# BMW Turbo Running on VW Engine Management



## [email protected] (Jul 27, 2010)

May 2011 - Louisville, KY: Since C2 specializes in performance tuning of OEM VW ECUs, it was only natural that when our Software Engineer, Ryan Potter wanted to build an E30 Turbo BMW with an M30B32 motor swap; what makes more sense than to ditch the 1984 BMW batch-fire-fuel-injection with distributor to VW Coilpack ME7 12V VR6 engine management ! ! ! That’s what EVERYONE would do…right? 
We wanted to post up some preliminary pictures of the status of the build…which is now running on fully functioning Bosch ECU. Stay tuned as we bring you updates as the car continues to undergo the evolution.


*1987 E30 325I*

Custom cage
Bilstein shocks
IE Springs
Speedline wheels
wheel Stud conversion
UUC Sway bar kit
Spearco bmw strut bar
Autometer gauges. Oil pressure , EGT, Water temperaute,volt,boost, 
PLX M-300 wideband
Bride lowmax seats
Longacre race mirror

*1984 733i M30B32 engine *

Custom rocker arm stoppers
Custom turbo manifold
Holset H1C 21cm turb


----------



## GTijoejoe (Oct 6, 2001)

.... this may get interesting :sly:


----------



## MrCornBread (Oct 13, 2003)

interested. the m30 swap looks right at home in there.
What fuel/injector size/power goals?


----------



## DieGTi (Jun 19, 2001)

I like this kind of stuff.

It's hard to tell but is that the MAF sensor on the driver's side near the upper rad hose? If so, stable flow readings using the blow through? Far enough along to notice saturation limits? 
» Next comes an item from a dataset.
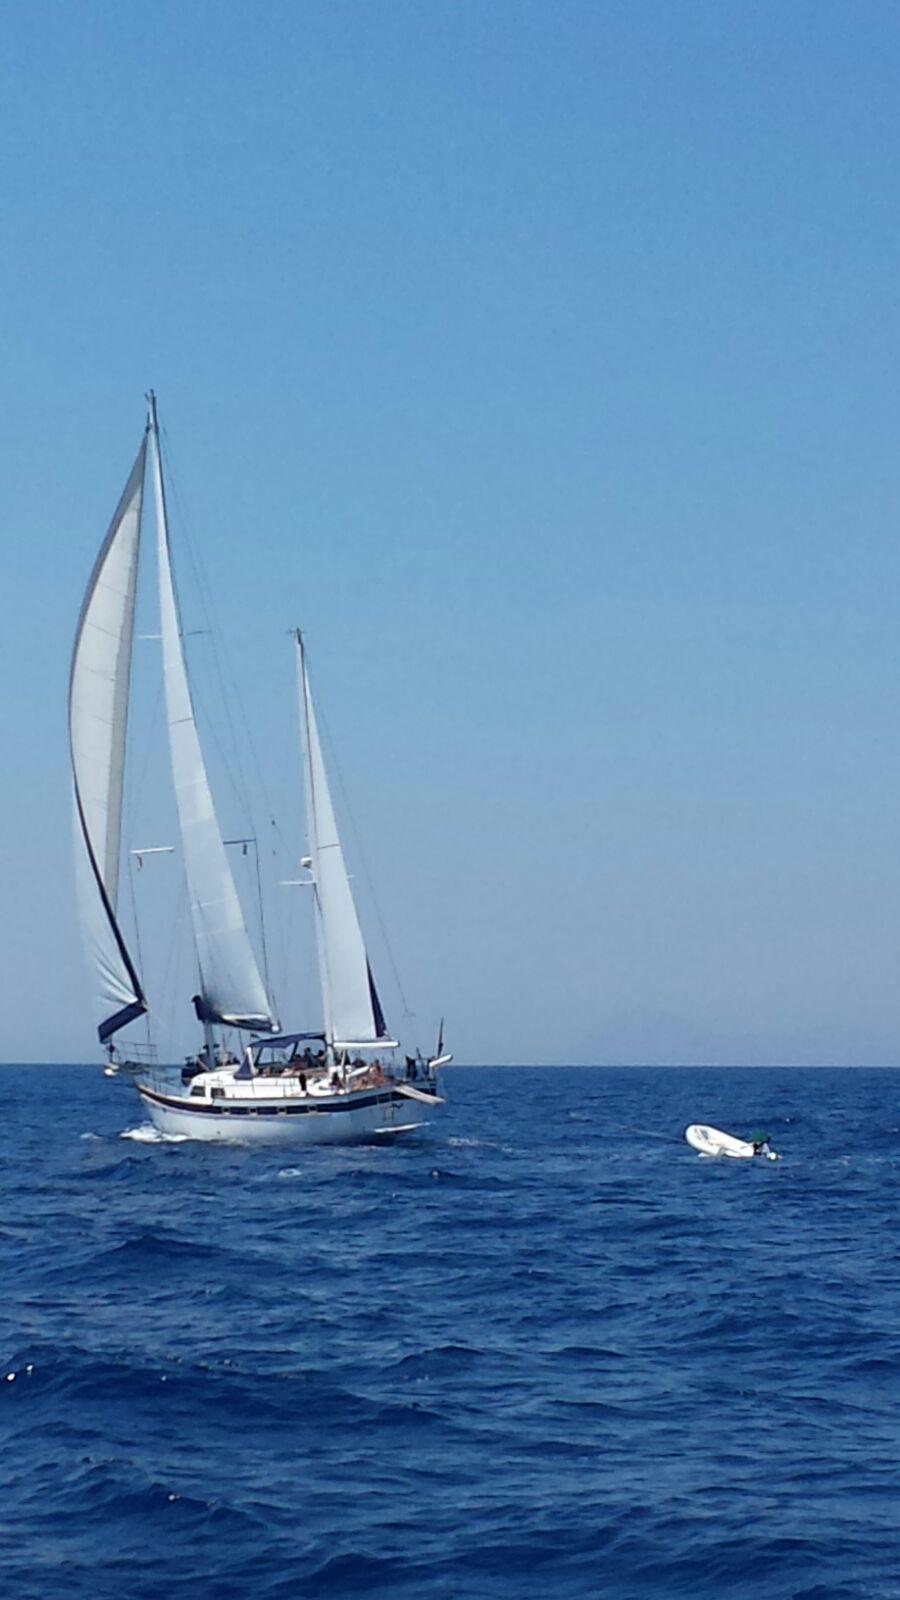 Magic - Sailing Yacht- Irwin Ketch 65'

Care to share any details on the trigger wheel? Beyond that I imagine it would be laying down the wire/hardware to match the bmw firing order to the vw ecu outputs. Or did you play with the order in the software(probably easier to extend/shorten wires than reprogram output channels)? 

Knock detection? I had a 533i for awhile and know the chains can be noise makers... phantom knock prone. Stout engines - should be a blast with a turbo. 

Looks like fun.


----------



## Dave926 (Mar 30, 2005)

I believe TDC on a vw engine using crank triggers is on tooth #13.
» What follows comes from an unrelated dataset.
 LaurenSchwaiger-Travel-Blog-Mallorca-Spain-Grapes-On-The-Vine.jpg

Kinda silly to run VW management on a BMW, for the amount of work I would have ran MS3 of some sort.

Either way to each his own, nice project.


----------



## kamahao112 (Nov 17, 2007)

Dave926 said:


> I believe TDC on a vw engine using crank triggers is on tooth #13.
> 
> Kinda silly to run VW management on a BMW, for the amount of work I would have ran MS3 of some sort.
> 
> Either way to each his own, nice project.
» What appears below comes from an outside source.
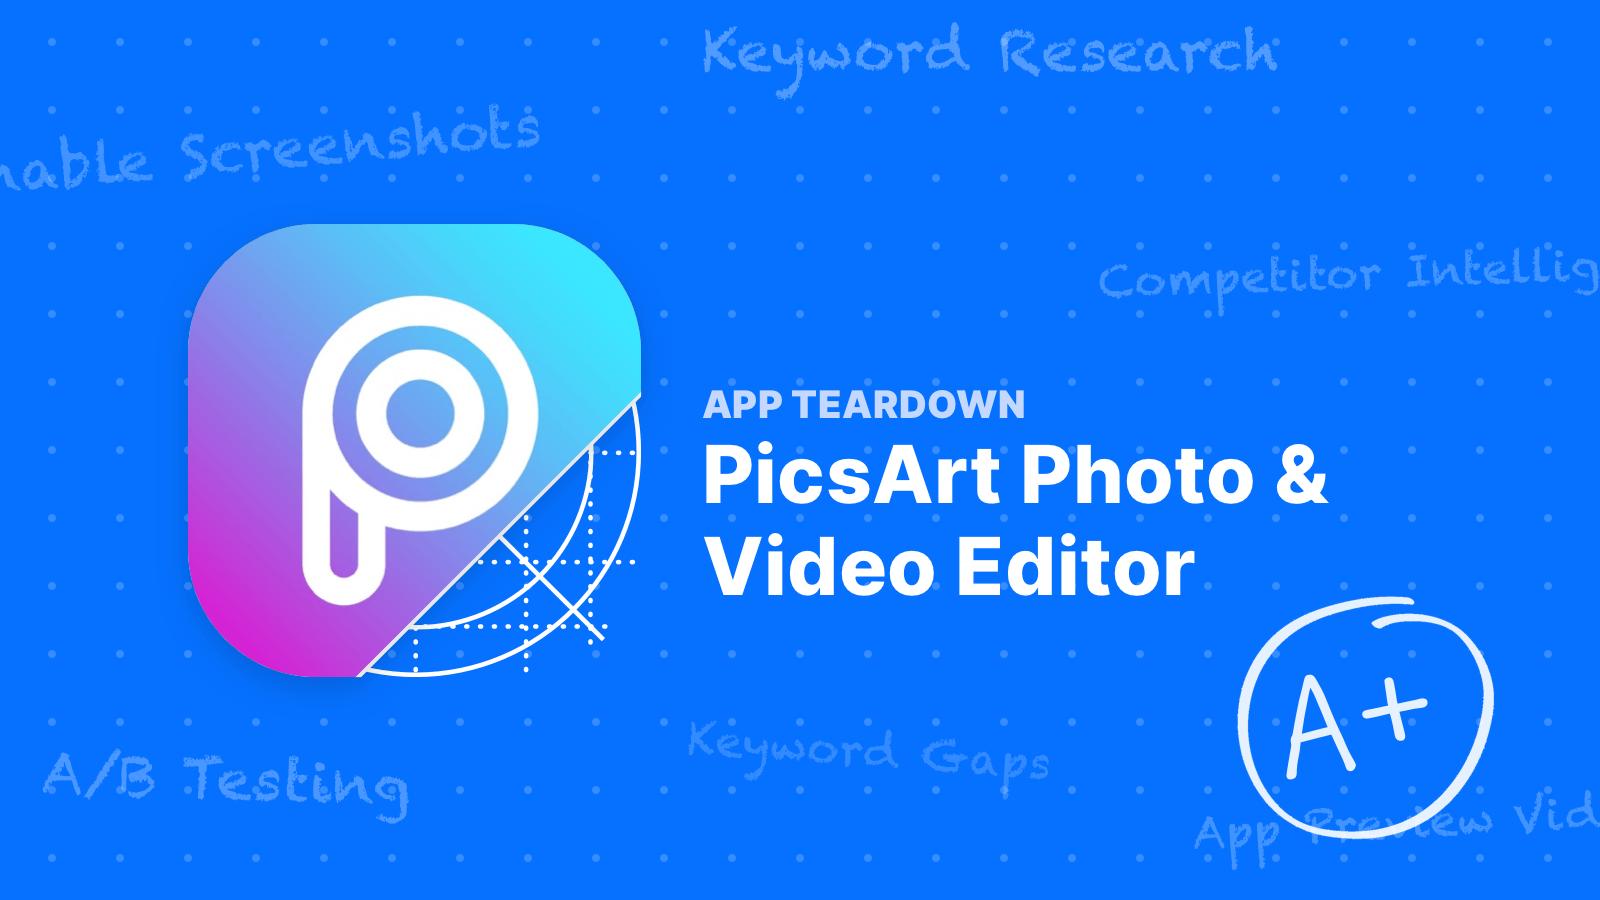 ASO Teardown: PicsArt Does A Wonderful Job Getting Downloads on the App Store

i would have just dropped in a ls1


----------



## DieGTi (Jun 19, 2001)

^No way. Work with what you have and limit the down time especially when the work required is in your "wheel house".


----------



## [email protected] (Jul 27, 2010)

painted some parts. looking good 

pictures are unedited and straight off camera!


----------



## GTijoejoe (Oct 6, 2001)

good stuff, so glad you cleaned up the oil feed line :laugh:
(@ the first pics I was like WTF?)


----------



## [email protected] (Jul 27, 2010)

GTijoejoe said:


> good stuff, so glad you cleaned up the oil feed line :laugh:
> (@ the first pics I was like WTF?)


----------



## vento86 (Oct 13, 2008)

opcorn: in for burn out videos


----------



## [email protected] (Jul 27, 2010)

vento86 said:


> opcorn: in for burn out videos


haha. i will be posting some pictures from the dyno and the chart here today in a little bit. we have some videos but probably wont get those up until monday.


----------



## [email protected] (Jul 27, 2010)




----------



## EL DRIFTO (Jul 11, 2004)

sounds easier than moving the driver's seat back 1' opcorn:


----------